House unanimously votes to boost Secret Service protection for presidential and VP candidates
Washington — The House unanimously approved a bill on Friday that would bolster Secret Service protection for major presidential and vice presidential candidates, following the second apparent attempt on former President Donald Trump's life in two months.
The legislation would require the Secret Service director "to apply the same standards for determining the number of agents required to protect presidents, vice presidents and major presidential and vice presidential candidates," according to the bill's summary.
The final vote to pass the legislation was 405 to 0. The vote came as Republicans have voiced concerns about the Secret Service's protection of Trump after the attempt on his life in Pennsylvania in July and an apparent assassination attempt at his golf course in Florida over the weekend.
The legislation is separate from measures that would approve additional funding for the Secret Service, something Congress is also pursuing as it looks to fund the government before an Oct. 1 deadline. President Biden told reporters this week the Secret Service should receive all the resources it needs. The Biden administration last month asked Congress for special permission to increase spending on Secret Service in the weeks ahead, even if Congress only passes a short-term spending bill to avoid a government shutdown, multiple congressional and administration sources told CBS News.
The House's Secret Service bill would still need to pass the Senate. The bill was introduced by a bipartisan group of House members from New York and New Jersey, spearheaded by Republican Rep. Mike Lawler and Democratic Rep. Ritchie Torres. They introduced the legislation after the first Trump assassination attempt at a rally in Butler, Pennsylvania, that wounded Trump and killed one attendee.
"Elections are determined at the ballot box, not by an assassin's bullet," Lawler said on the House floor Friday morning. "That these incidents were allowed to occur is a stain on our country. We have endured through a assassinations of political leaders including presidents.

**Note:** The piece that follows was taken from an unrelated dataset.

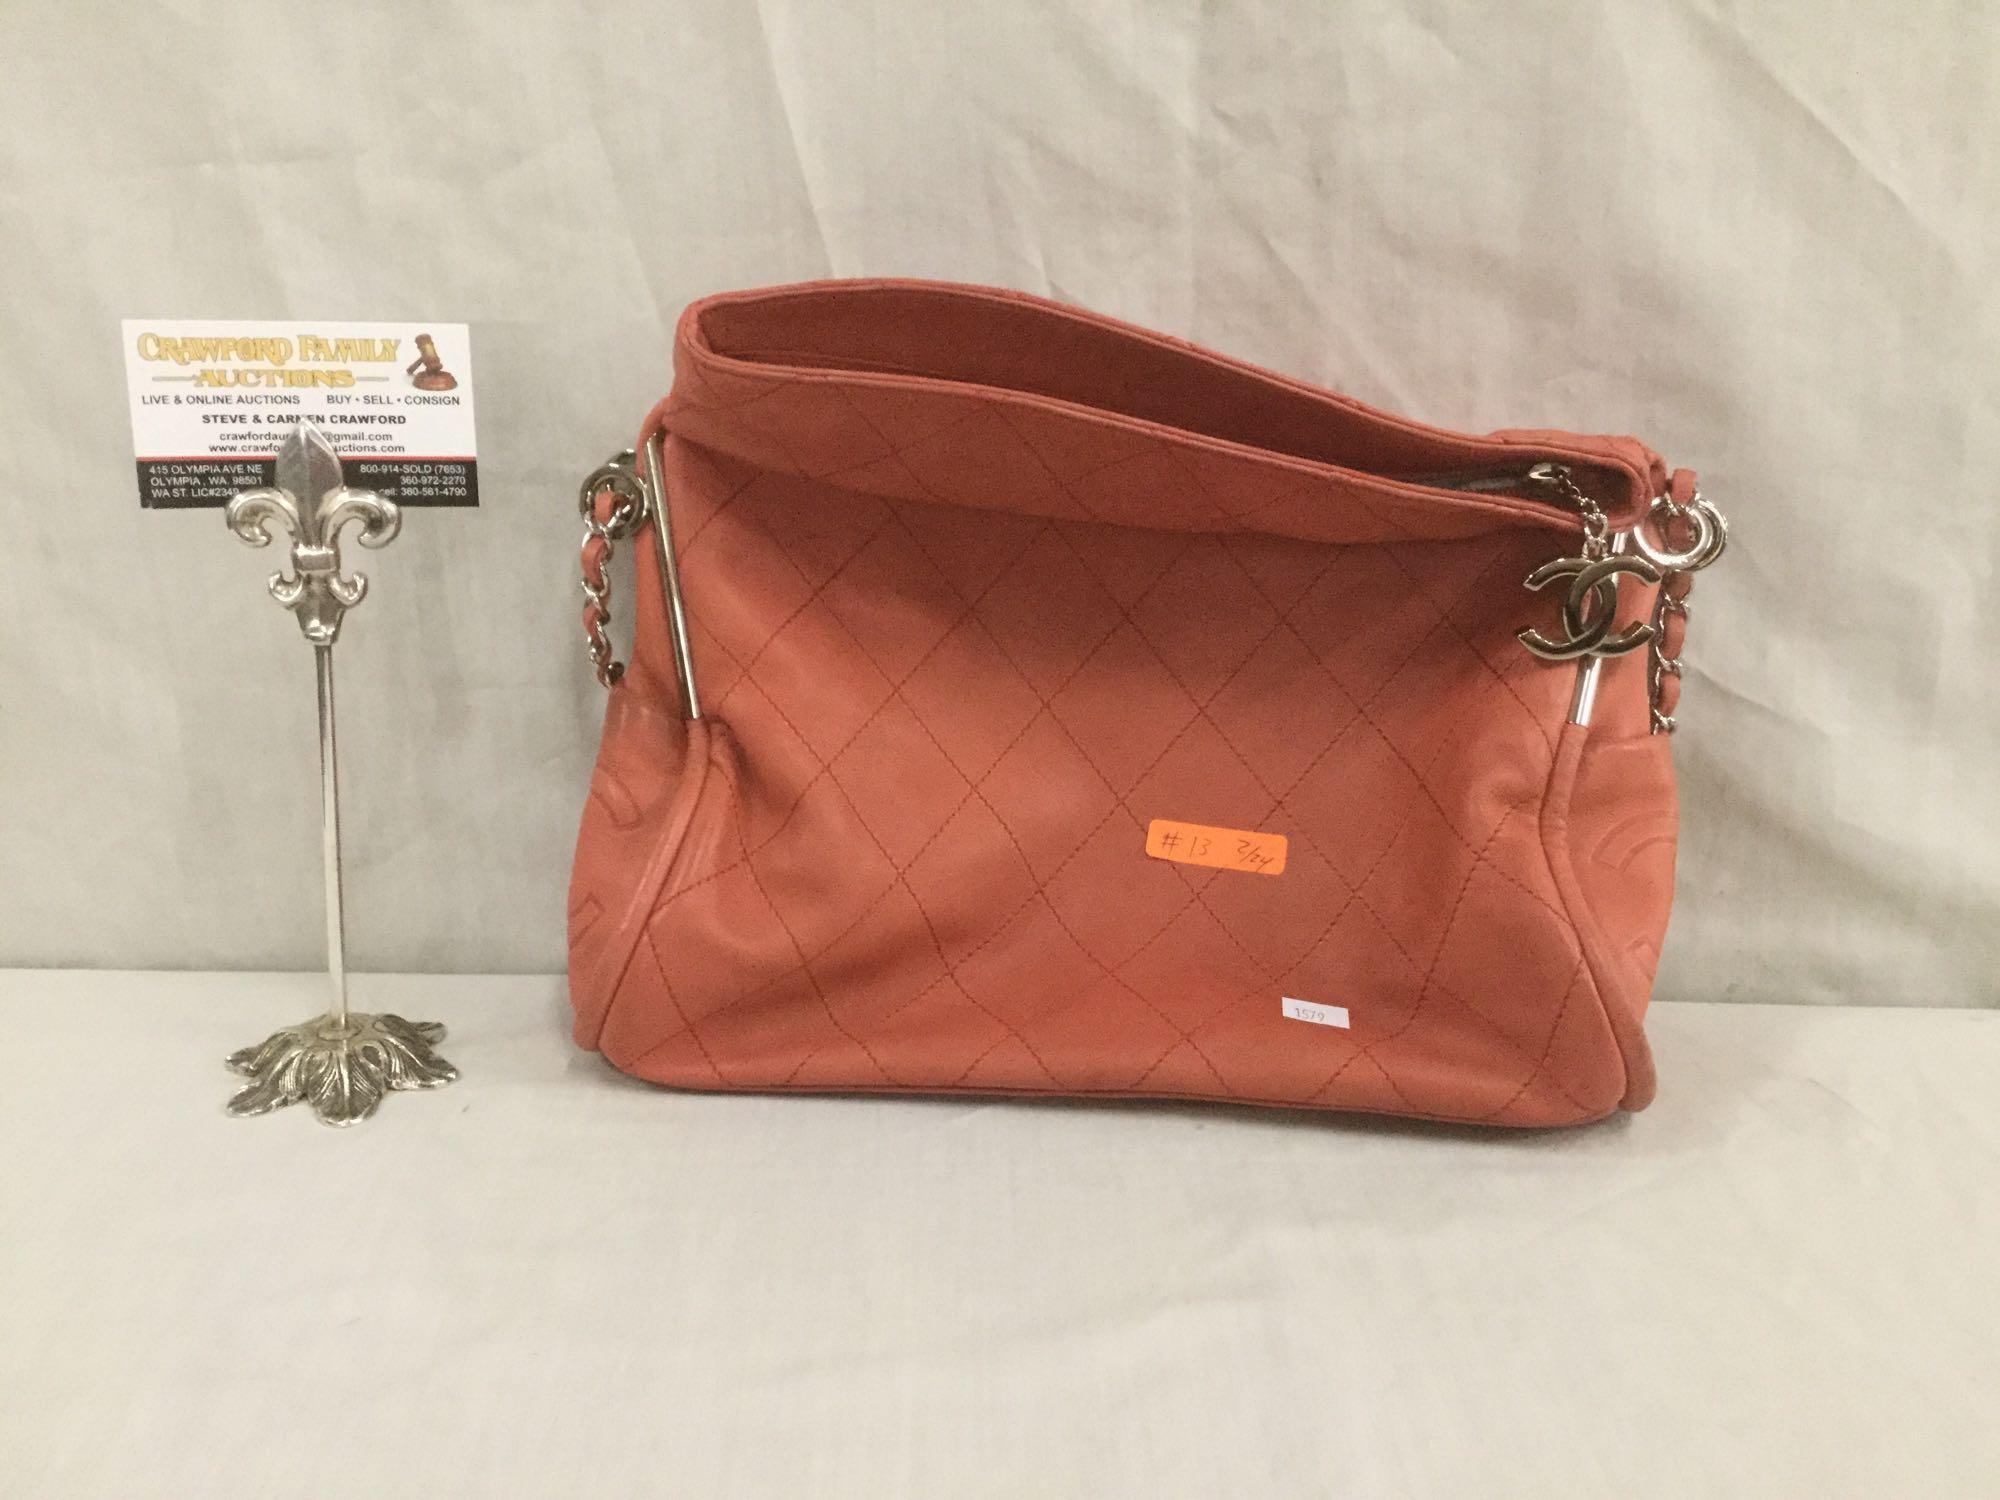 Lightly used vintage Chanel orange/pink shoulder bag w/ diamond stitching - approx $3500 value

It is destructive to our country, it is destructive to our democracy, our constitutional republic, and it undermines the confidence that Americans have in their government and in the electoral process."
In a briefing with reporters about the July 13 attack later Friday, Acting Secret Service Director Ronald Rowe said Trump has had the same security as a sitting president since the Pennsylvania attack.
"We've been doing that since July 13," Rowe said. "What I can tell you is that when I say the highest levels of Secret Service protection, the former president is getting tactical assets, he's getting everything that the current president has with respect to Secret Service assets."
Before the House vote, Torres said the difference between an attempted assassination and a completed one on July 13 was "luck," not the Secret Service.
"Hoping for the best or lucking out is not a policy prescription for protecting a president or presidential candidate," Torres said.
Democratic Rep. Jerry Nadler of New York said Republicans are ignoring a simple common denominator of every successful assassination attempt of a U.S. president, as well as multiple attempted assassinations.
"In every single one of these events, the weapon used was a gun," Nadler said on the House floor. "The fact is that the work of the Secret Service is made infinitely more difficult by our lax gun laws."
Republican Rep. Jim Jordan of Ohio claimed Nadler and Democrats are blaming Trump for what happened.
"They cannot help themselves. It's ridiculous," Jordan said.
Jordan said the legislation will help both Trump and Vice President Kamala Harris.
"That's what we want in America," Jordan said.